You need not understand the inner workings of the technology, but certainly need to be aware of the applications of the technology. Systems of the future will not be fully built in-house, they will often leverage several plug-and-play third-party applications – we’re already seeing this for AI. Understanding of AI solutions available for your function will enable you to leverage the benefits of AI for your work.
As AI augments and automates parts of your work, you will have more time for higher-value activities. These higher-value activities depend on your inclination towards technology or business, as outlined in the below sections. You’ll need to choose the mix you’ll want to strike.
Understand the Technology Value Chain
In the time of hyper-specialization, you tend to be slotted as a specialist of a particular activity. While building a network of such specialized roles tends to be efficient for a large organization, it can be detrimental for you in the long run. If your role is anything similar, then you need to look beyond.
Understand the larger IT pipeline of your organization, and develop a perspective of the value of each section.

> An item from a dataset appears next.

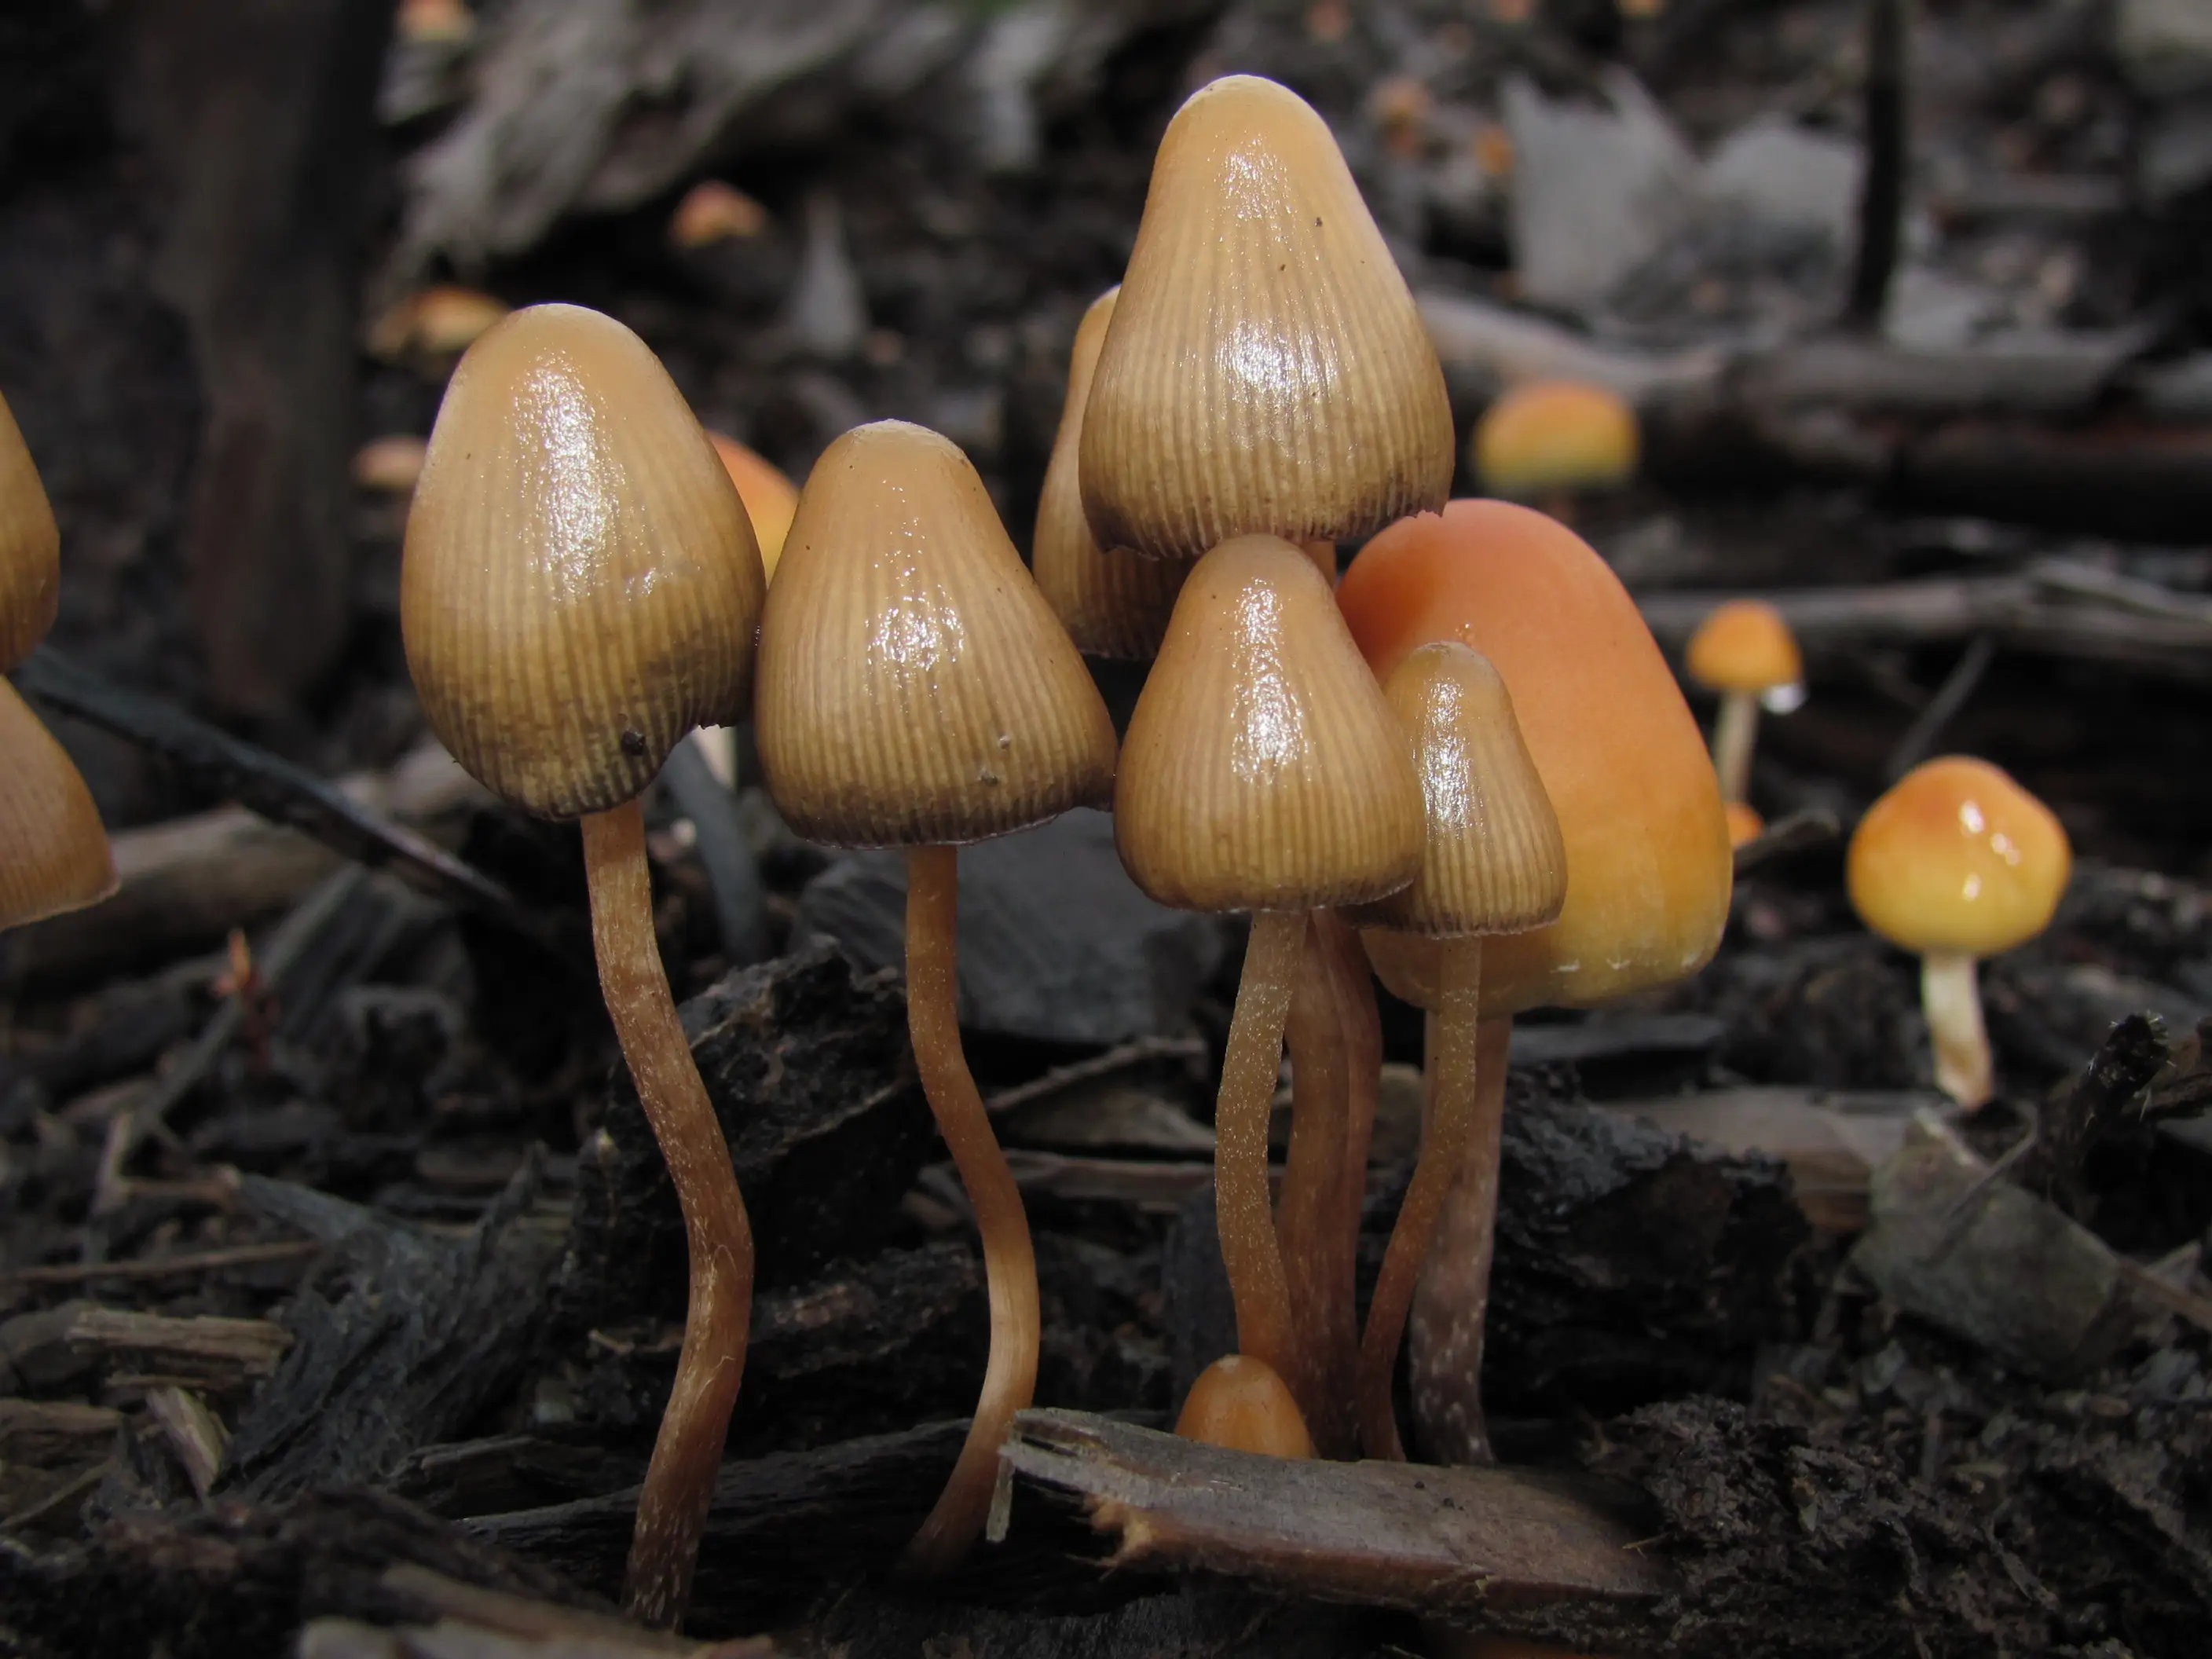 Psilocybn mushrooms

Learn technologies that are alternatives for your area of specialization. There could be several open-source technologies and 3rd party tools that might be good alternatives to what you use today. Understand in greater detail the upstream and downstream activities that might get performed by other specialists today. Learn how to contribute there.
This way, you’ll need to worry less about your current job being automated by AI, but you’ll be able to understand the broader opportunities to bring in AI and automation and its implications. You can be the technologist who helps your team navigate the changing technology landscape and identify opportunities for innovations using AI and automation.

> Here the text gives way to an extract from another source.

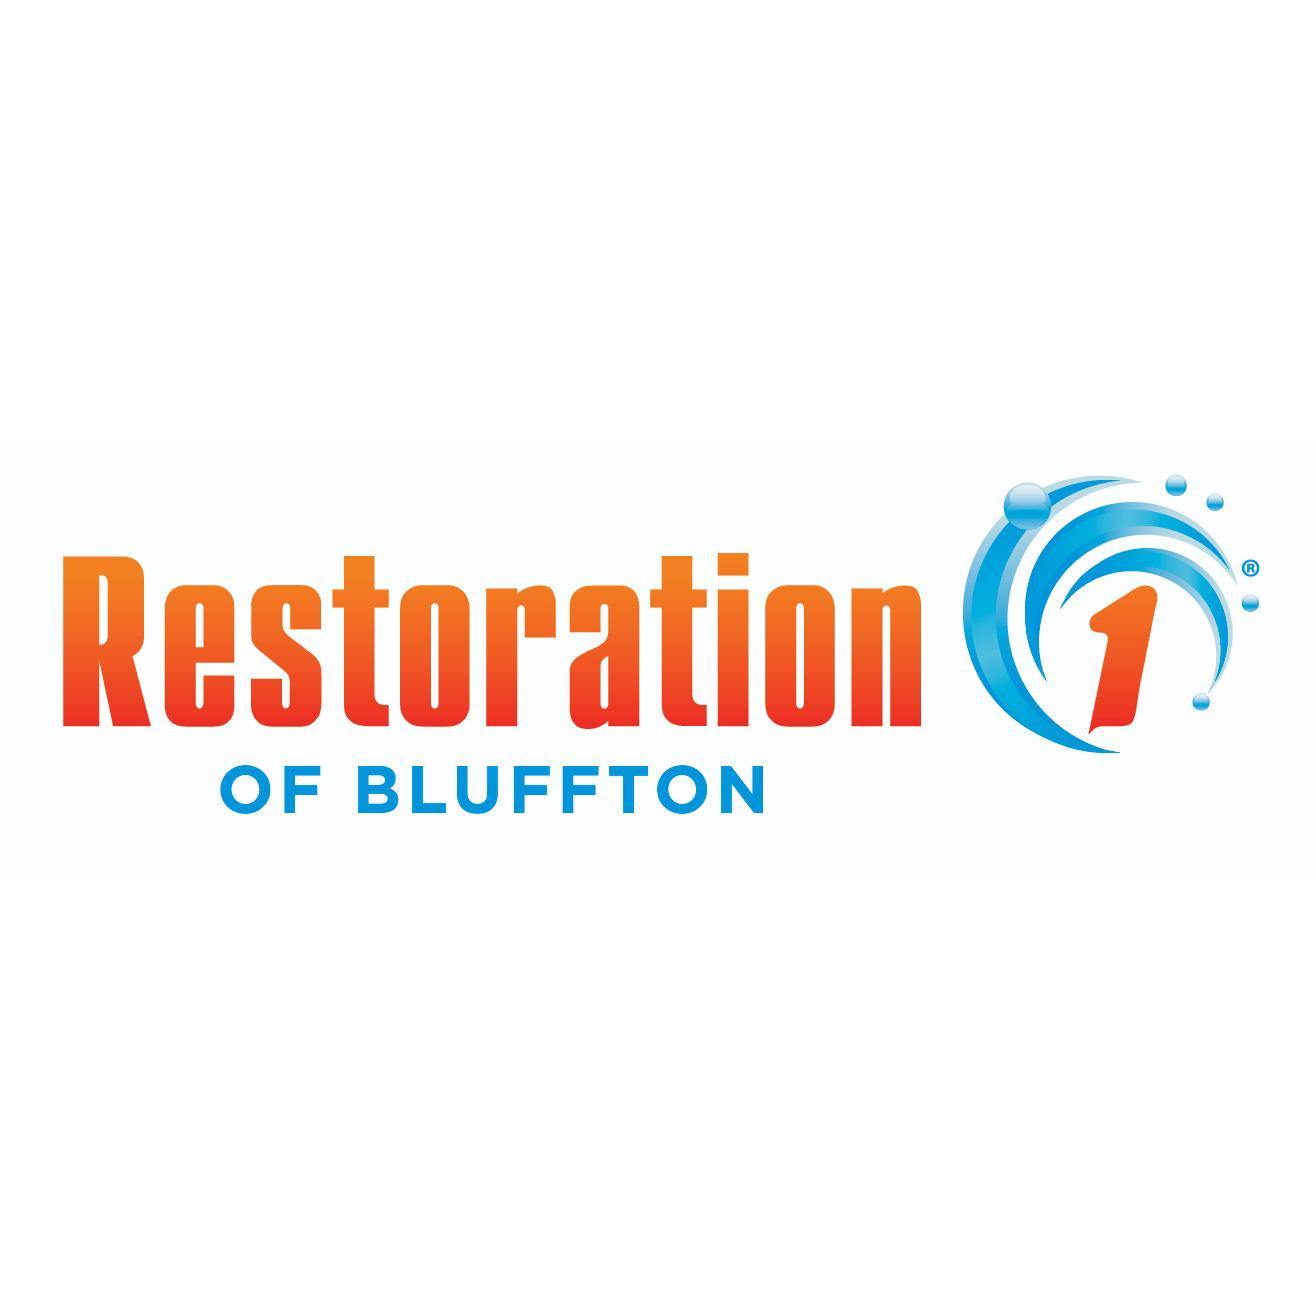 Restoration 1 of Bluffton

Understand the Business Value Chain
As a technology professional, you might be excited and focused on purely the technical elements, and this might have brought your success in your career so far. But do you understand how your company generates value? What are the different functions in the company, and how do they come together to generate value? How does your department or function fit into the bigger picture?
Developing this business perspective and a detailed understanding of your business function will enable you to be that person who understands both sides of the coin – business and technology. Furthermore, bridging the gap between tech-lingo and business-jargon will help you become an invaluable translator.
As automation frees you up of some of your mundane activities, a deeper understanding of the business will enable you to take up higher-value activities. If part of your job involved observing certain indicators and flagging issues, now you’ll have time to analyze the reason behind those observations. You can go beyond analysis to advising on actions to address these issues, and possibly lead some of these initiatives.
AI Era and Beyond
Technology is fickle, and we’ll go through different technological cycles in our lifetime. We will continue to be faced with situations where our future jobs will stand to be affected by certain technologies. We could use this simple framework in a very different scenario as well:
1. Critically evaluate our work profile for the impact of the technology.
2. Embrace the technology, don’t fight it. Understand relevant applications of the technology.
3. Expand your work profile to higher-value activities – whether technology or business
Whatever be the scenario, there will always be a need for problem-solvers, some will be technologists with an understanding of the business, and others will be business professionals with an understanding of technology.
Beyond technology, there are certain human skills that will always be needed – critical thinking, emotional intelligence, negotiation, leadership, etc. Consciously cultivate these skills. These are unlikely to be automated, at least for now.